Monday, December 11, 2006

I wrestled my first match just after New Year's 1996. I'd been online for a couple of years by this point, but I took my time about, first, coming up with the idea to wrestle "life" and, second, to arrange a match. I was talking and cyberwrestling a lot with a guy I knew as "Luke," but he lived a good distance away, and I had no viable reason to travel in his direction. Although I didn't spend as much time with anybody else online, the same was true--in regards to travel--with several other wrestlers I was interested in.

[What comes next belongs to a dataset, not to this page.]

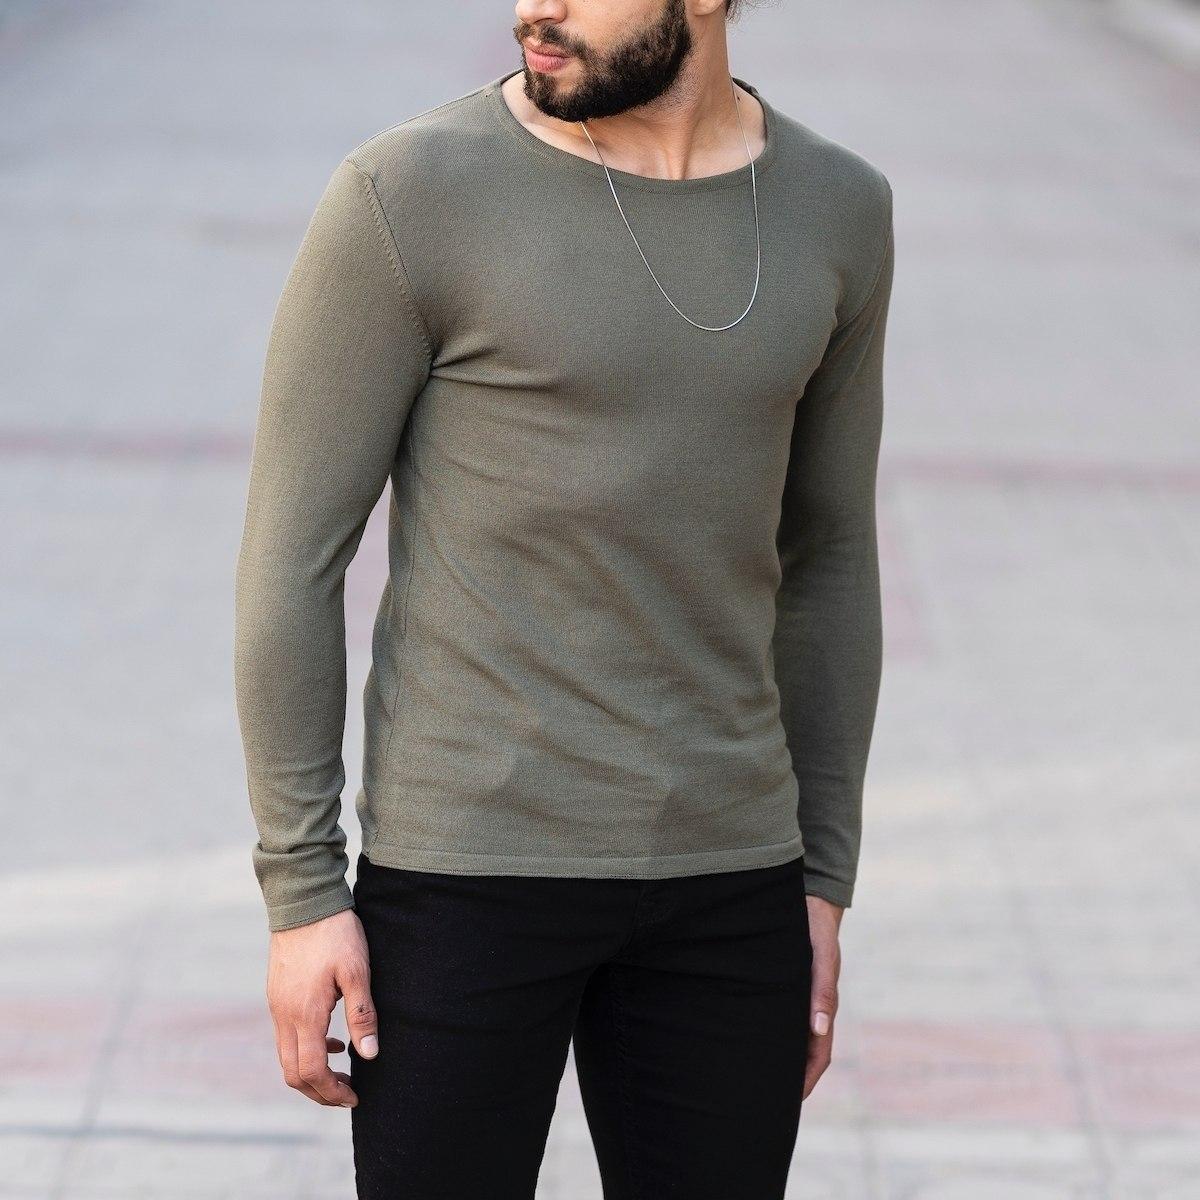 Slim-Fitting Classic Round-Neck Sweater in Khaki Mv Premium Brand - 2

I don't remember how I met D. More than likely we met in AOL's "wrestling m4m" room. He was an older guy, mid 50s or so, I think. (I was just turned 37.) We chatted online for a good long while. Our interests were similar, although he liked bear hugs while I liked head scissors. Our size was similar, although he outweighed be by several pounds. Our experience was similar--none on my side and little if any on his. Other common interests drew us together as well--religion, education, an interest in history and so on. He taught history at a university near where some friends of mine live, and at some point I was struck by the idea that I could plan a visit to see my friends and try to set up a wrestling match with this D. That's what I did.

We exchanged pictures via regular mail, I think, and arranged the match for January 2nd. We would meet for lunch somewhere in his town and then, if we felt okay with each other, we'd go back to his place and wrestle. Afterwards I would continue on to spend the rest of the trip with my friends.

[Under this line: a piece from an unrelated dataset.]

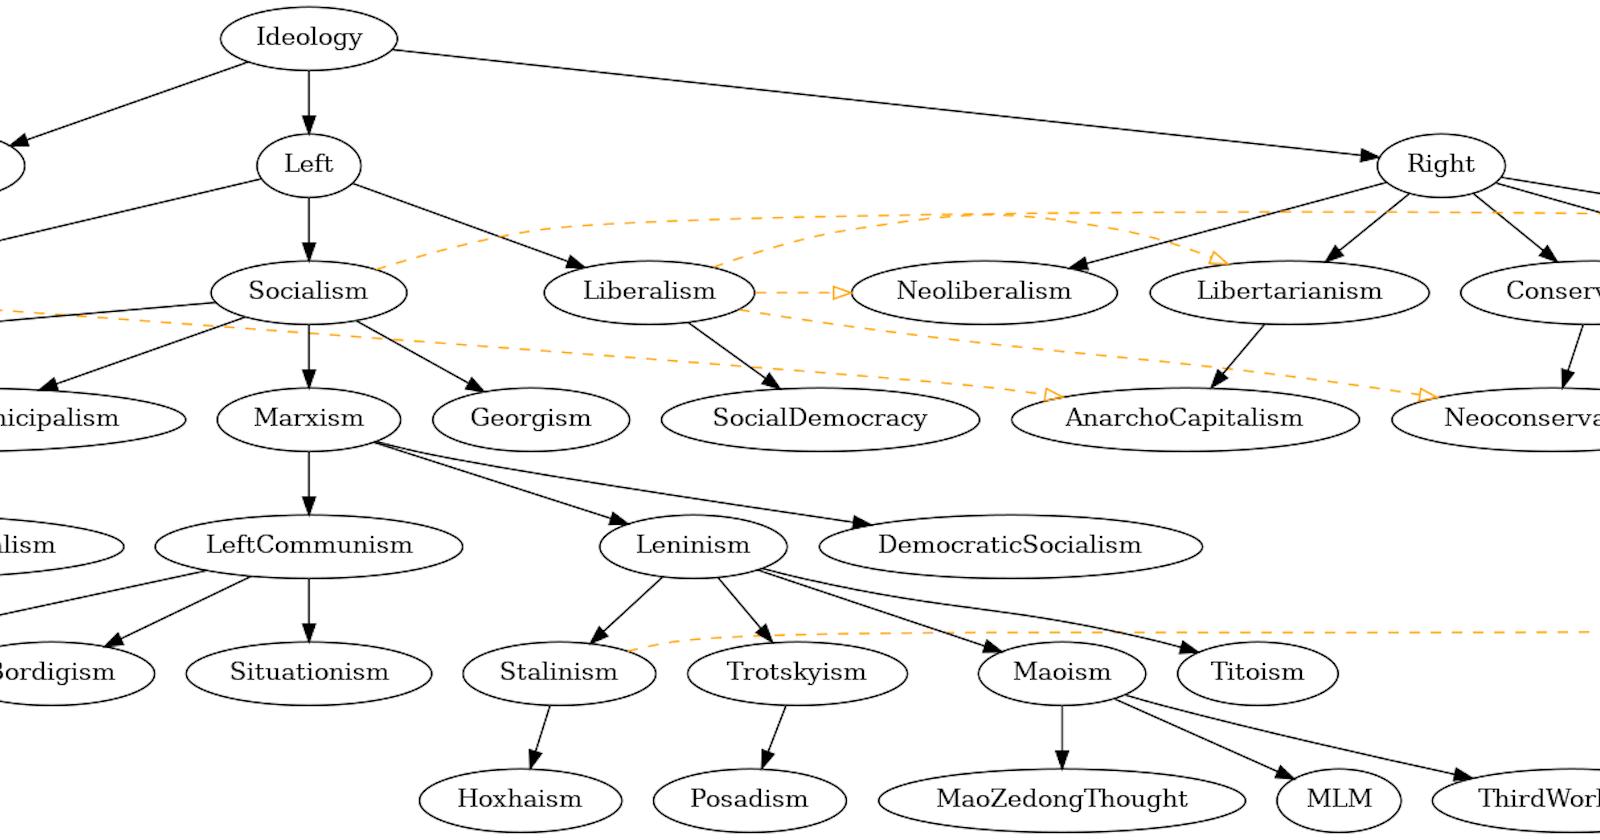 Creating tree graphs with graphviz

I can hardly express the mix of emotions I felt as the time for our meeting approached. I was excited that this longtime fantasy of mine was on the verge or being realized. I was afraid of what might happen if we wrestled. Again, both of us had similar interests, so I had no fear that an erection on my part would offend him or humiliate me. He said it was just as likely to happen to him as well. I'd always known that I wasn't gay, and I'd apparently worked hard over the years to deflect any ideas that my wrestling interest, as it turned more toward men, suggested that possibility. What I feared in my meeting with D was that our wrestling excitement would devolve into sex. I didn't want that, and neither, it seemed, did he. But what if the wrestling got me so excited that I couldn't help myself? How would I explain it? Mutual masturbation among boys is one thing; adult sex between men is quite another. But the desire to experience wrestling was stronger than my fear of the possible homosexual experience, so I made my plans and followed through. . . .

1 comment:

Anonymous said...

interesting stuff...sounds familiar.